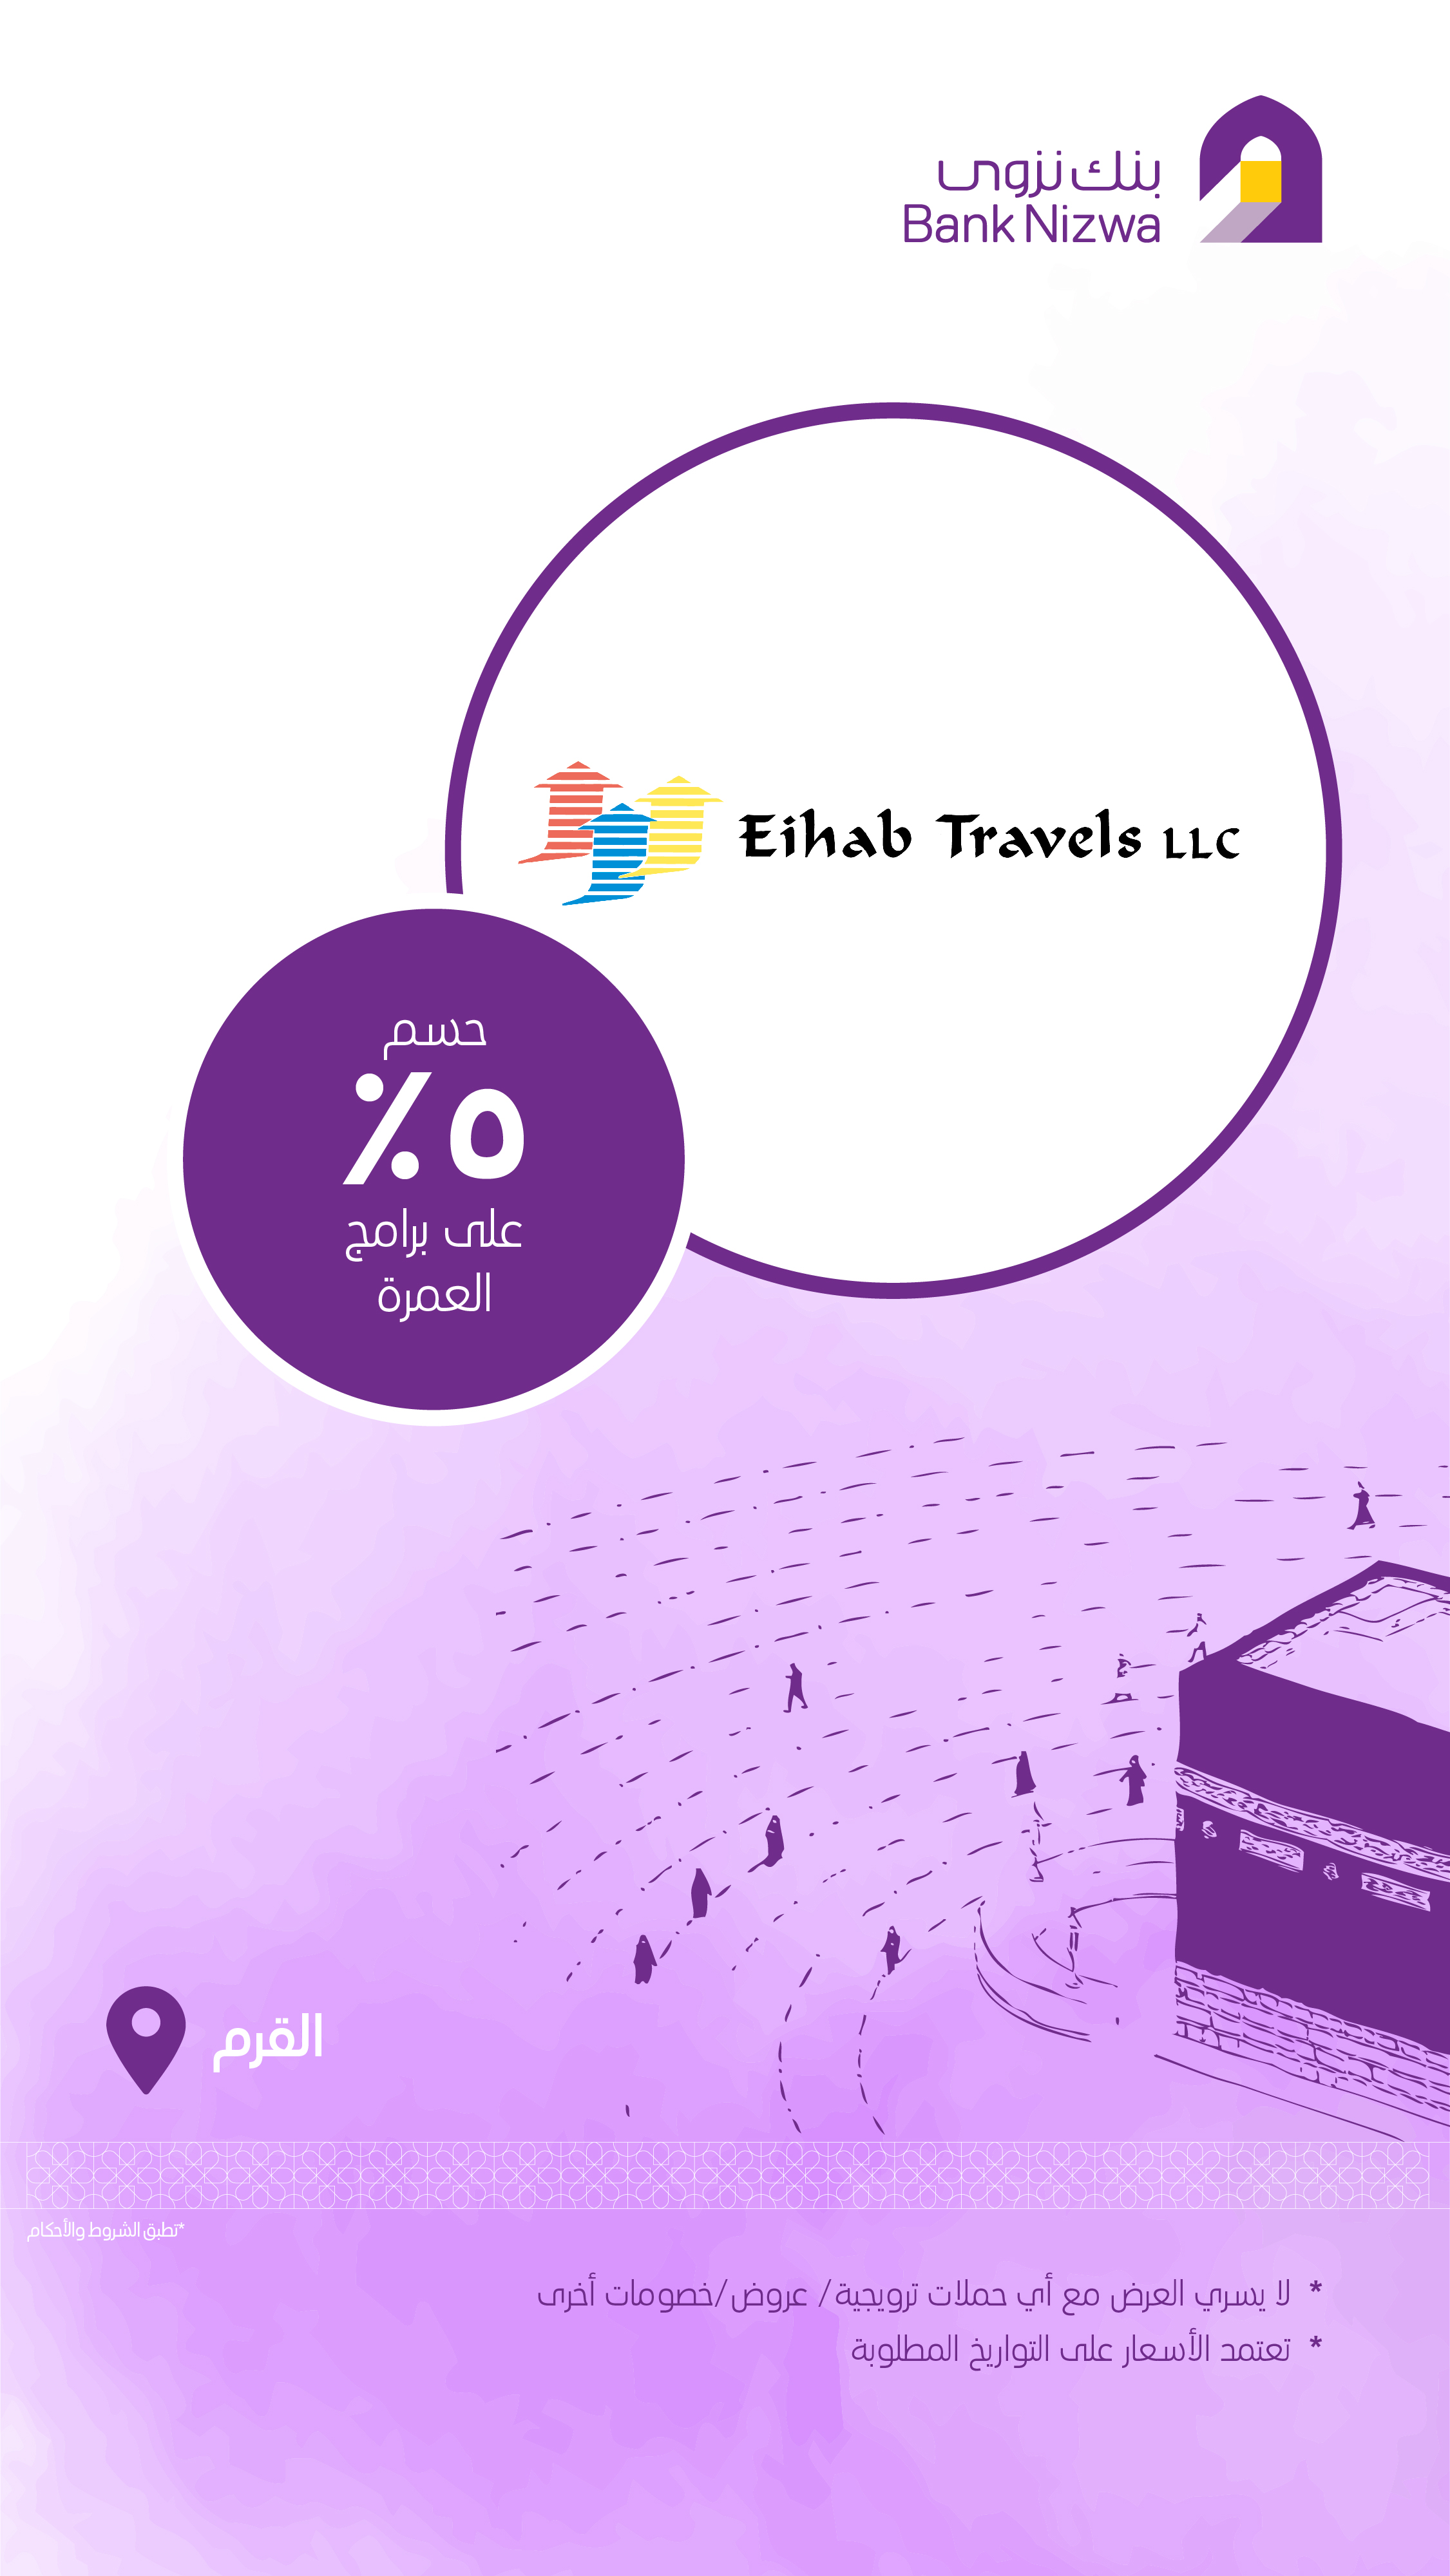 Eihab Travels L.L.C
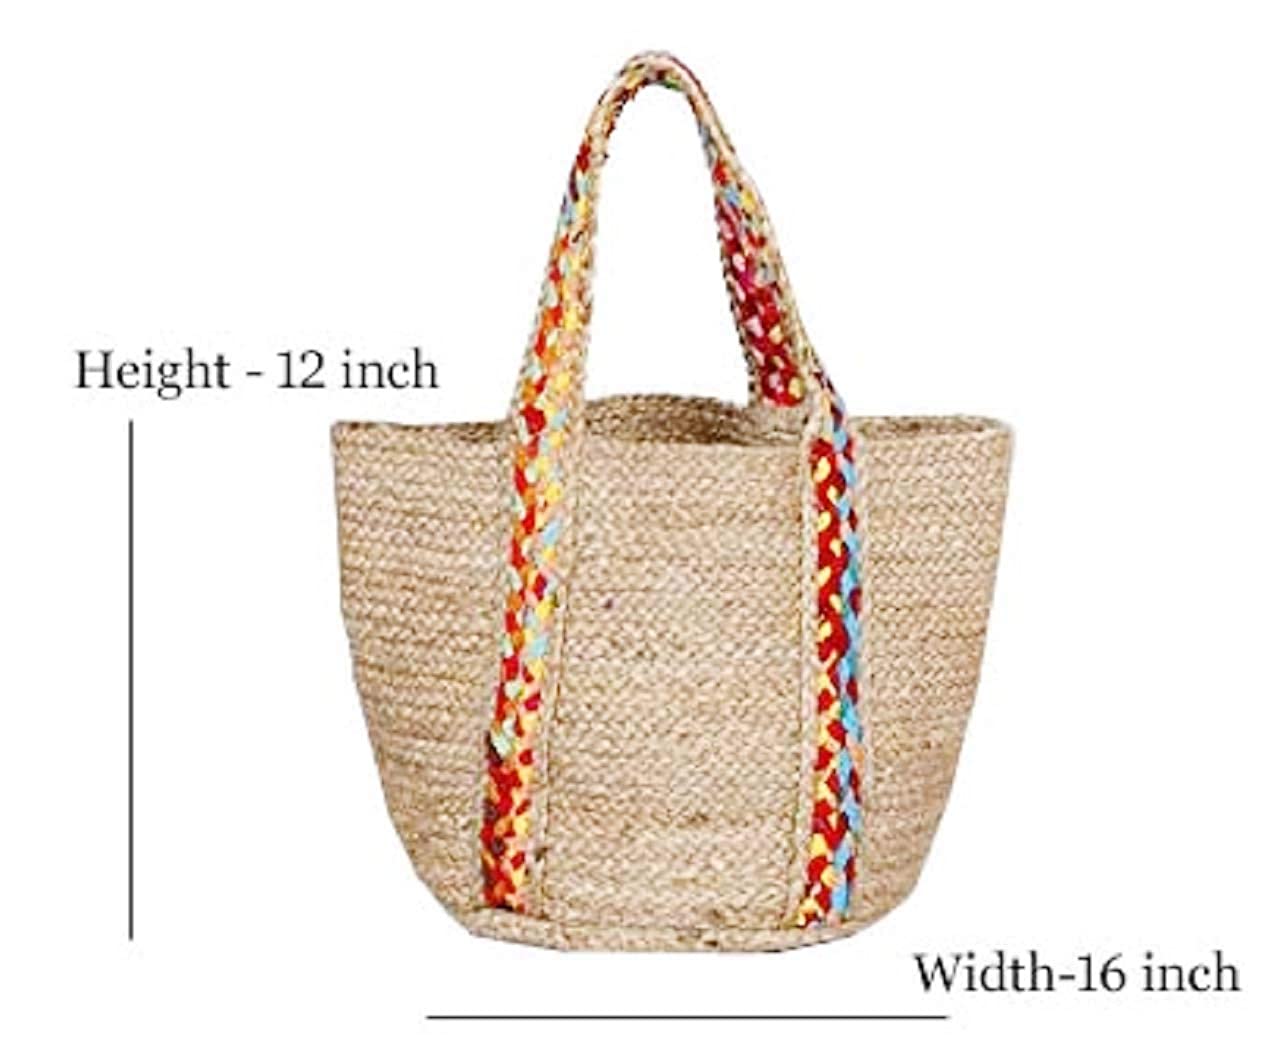 White Jute braided Handbags - With Flower Design Handmade Jute Bag
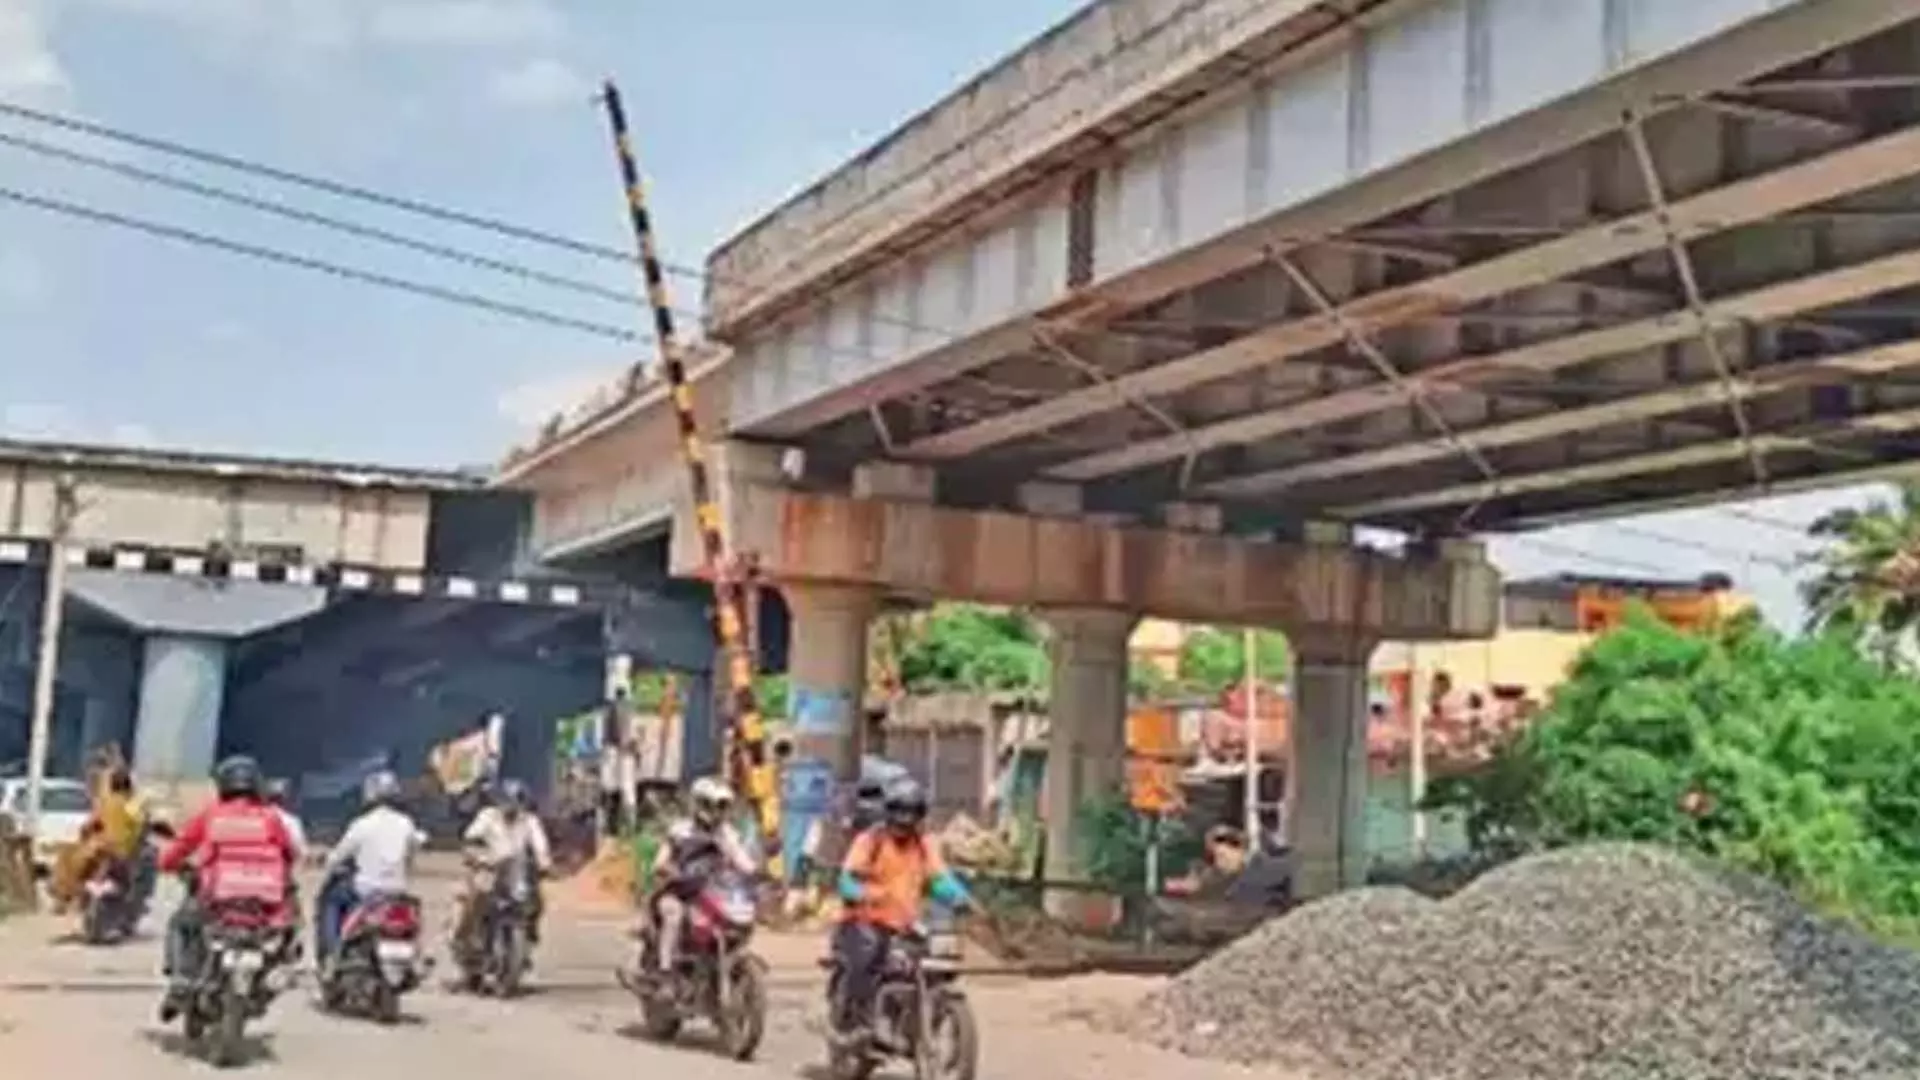 Tamil Nadu News : लालफीताशाही के कारण चेन्नई में प्रमुख सड़क परियोजनाएं कार्य रुका हुआ

* What you need to do:
Send back every line of the listing exactly. Omit the images.

* Answer to this problem:
 Eihab Travels L.L.C
 White Jute braided Handbags - With Flower Design Handmade Jute Bag
 Tamil Nadu News : लालफीताशाही के कारण चेन्नई में प्रमुख सड़क परियोजनाएं कार्य रुका हुआ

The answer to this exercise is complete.